> _Task prompt_:
Restate each line of the listing exactly, without carrying over any pictures.

> _Dataset section_:
BEGIN
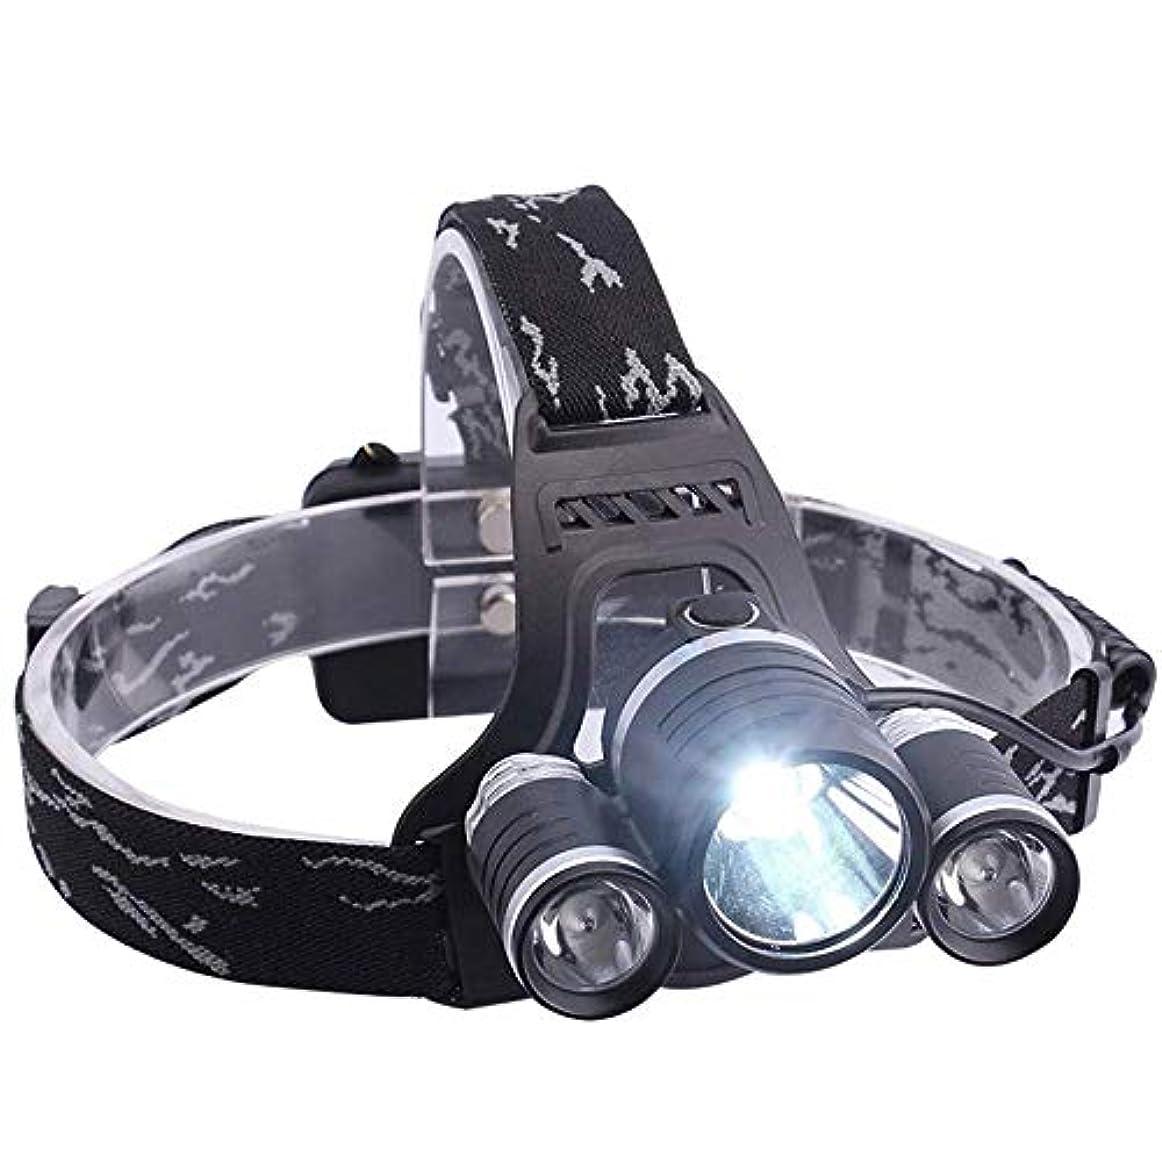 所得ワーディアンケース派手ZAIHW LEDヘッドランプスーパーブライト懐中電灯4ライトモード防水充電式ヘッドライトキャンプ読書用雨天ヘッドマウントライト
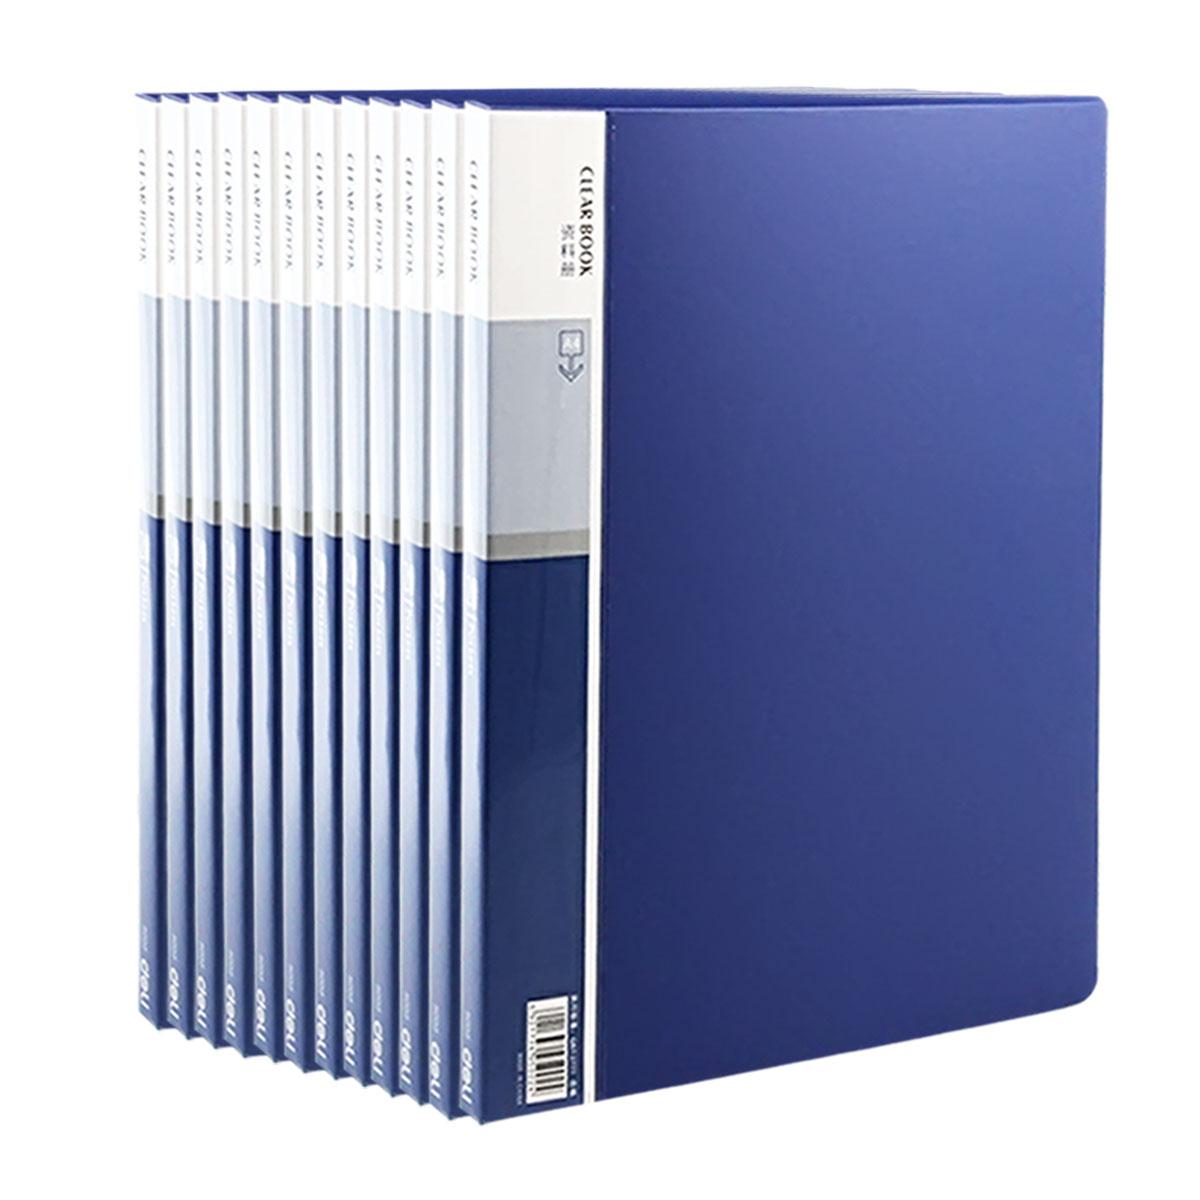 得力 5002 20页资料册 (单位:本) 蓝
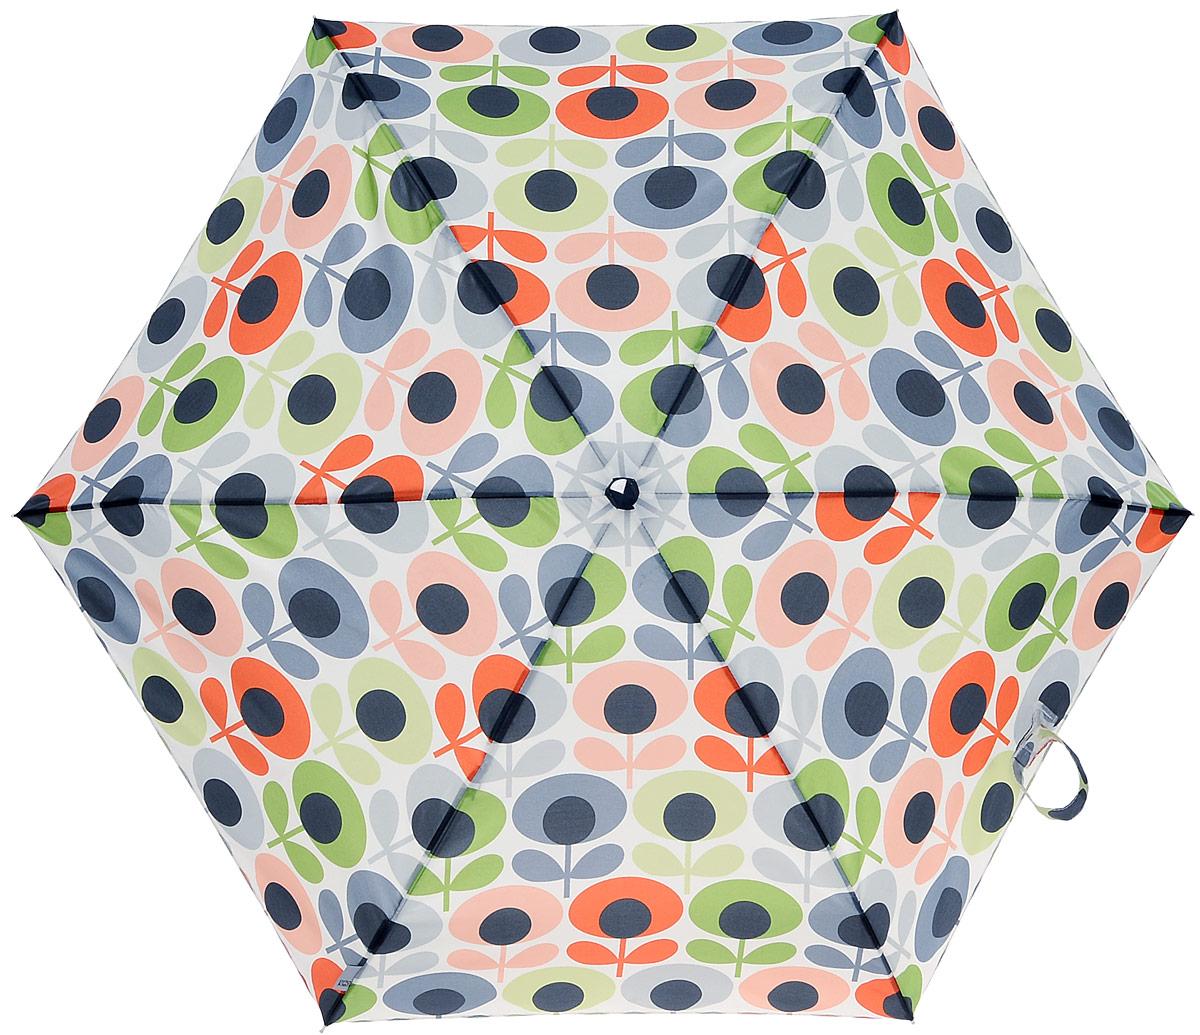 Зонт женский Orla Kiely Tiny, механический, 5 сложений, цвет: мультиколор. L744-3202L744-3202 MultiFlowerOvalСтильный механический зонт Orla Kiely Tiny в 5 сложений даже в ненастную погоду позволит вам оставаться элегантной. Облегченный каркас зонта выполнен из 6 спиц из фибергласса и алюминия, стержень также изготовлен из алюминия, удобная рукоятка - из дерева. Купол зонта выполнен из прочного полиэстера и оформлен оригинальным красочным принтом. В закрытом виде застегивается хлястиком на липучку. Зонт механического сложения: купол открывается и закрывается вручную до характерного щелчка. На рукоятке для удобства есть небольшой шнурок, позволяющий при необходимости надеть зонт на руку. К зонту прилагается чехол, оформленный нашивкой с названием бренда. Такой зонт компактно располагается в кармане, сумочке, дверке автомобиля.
END
> _Answer for this exercise_:
 所得ワーディアンケース派手ZAIHW LEDヘッドランプスーパーブライト懐中電灯4ライトモード防水充電式ヘッドライトキャンプ読書用雨天ヘッドマウントライト
 得力 5002 20页资料册 (单位:本) 蓝
 Зонт женский Orla Kiely Tiny, механический, 5 сложений, цвет: мультиколор. L744-3202L744-3202 MultiFlowerOvalСтильный механический зонт Orla Kiely Tiny в 5 сложений даже в ненастную погоду позволит вам оставаться элегантной. Облегченный каркас зонта выполнен из 6 спиц из фибергласса и алюминия, стержень также изготовлен из алюминия, удобная рукоятка - из дерева. Купол зонта выполнен из прочного полиэстера и оформлен оригинальным красочным принтом. В закрытом виде застегивается хлястиком на липучку. Зонт механического сложения: купол открывается и закрывается вручную до характерного щелчка. На рукоятке для удобства есть небольшой шнурок, позволяющий при необходимости надеть зонт на руку. К зонту прилагается чехол, оформленный нашивкой с названием бренда. Такой зонт компактно располагается в кармане, сумочке, дверке автомобиля.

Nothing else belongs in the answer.